Турецкая колонна медленно двигалась по слякоти вперед сквозь падающий снег. Кони низко гнули головы под сильными порывами ветра; верблюды, глухо ворча, плелись на подгибающихся ногах, а быки пронзительно и жалобно ревели. Люди вязли в непролазной грязи, сгибаясь под тяжестью оружия и снаряжения. Уже стемнело, но приказа остановиться на отдых все не было. Весь день отступавших турок беспокоили дерзкие нападения австрийских кирасиров, которые набрасывались на колонну, как осы, и выхватывали пленных прямо из рук.
Мрачный Сулейман ехал в окружении своих солаков. Он хотел оказаться как можно дальше от проклятых стен Вены, где тела павших тридцати тысяч мусульман напоминали ему о его рухнувших амбициях, убежать от горечи поражения и позора.
Он был господином Западной Азии, но хозяином Европы так и не стал. Эти презренные стены спасли западный мир от мусульманского господства; раскатистый гром, возвещающий о неслыханной мощи Оттоманской Империи эхом облетел мир, империя затмила славу Персии и Монгольской Индии, но желтоволосые варвары Запада остались непобежденными. Видимо, на небесных скрижалях было написано, что турки никогда не смогут господствовать за Дунаем.

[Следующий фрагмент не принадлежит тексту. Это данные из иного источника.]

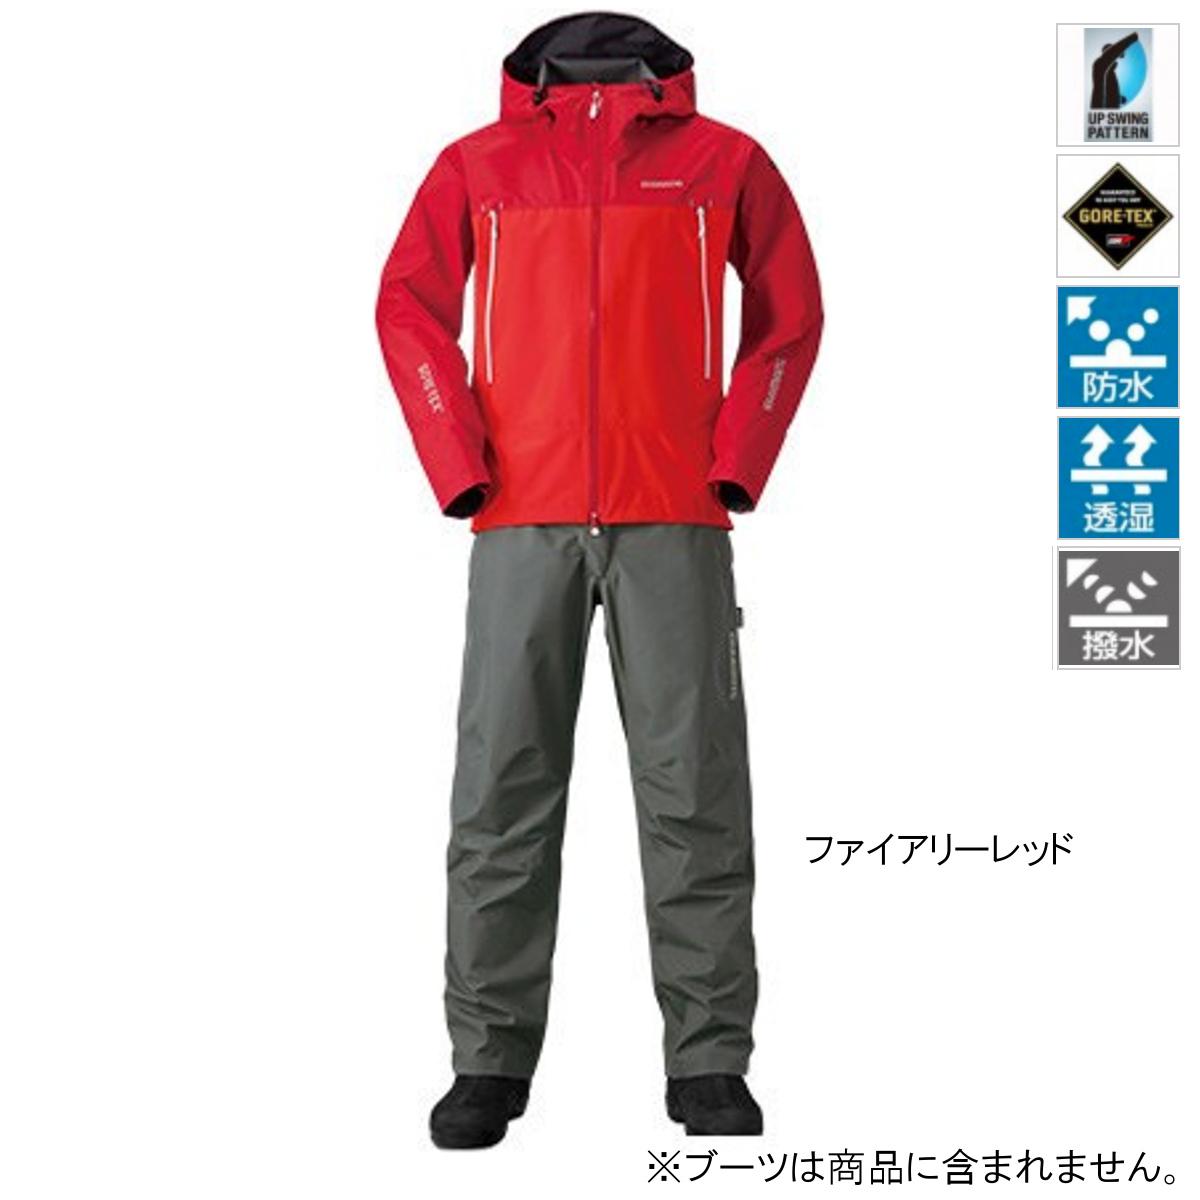 シマノ GORE-TEX ベーシックスーツ RA-017R M ファイアリーレッド(東日本店)

Стоя на Земмерингской возвышенности и глядя, как позорно бежит от крепостных стен его непобедимое воинство, Сулейман прочел эту волю небес, начертанную кровью и огнем. Теперь следовало спасать авторитет власти, и султан отдал приказ свертывать лагерь. Это далось Сулейману нелегко – слова жгли ему язык – но иного выхода не было: солдаты уже начали жечь шатры, собираясь бросить своего господина и бежать из этой проклятой страны. Теперь Сулейман ехал в мрачном молчании, не разговаривая ни с кем, даже с Ибрагимом.
Михал-оглы по-своему разделял дикое, безысходное отчаяние Сулеймана и Главного визиря. Лютую ненависть и злобу у него вызывало то, что теперь он бесславно уходит из страны, которую уже успел хорошенько потрепать; так еще не насытившаяся гиена огрызается, когда ее отгоняют от добычи. С мстительным удовлетворением он вспоминал выжженные, заваленные трупами земли, прежде цветущие и полные жизни; страшные крики и стоны жертв, растоптанных копытами его коня; мольбы женщин, отданных на потеху его железному воинству, и жуткие вопли этих же женщин, которым его акинджи, насытившись, вспарывали животы.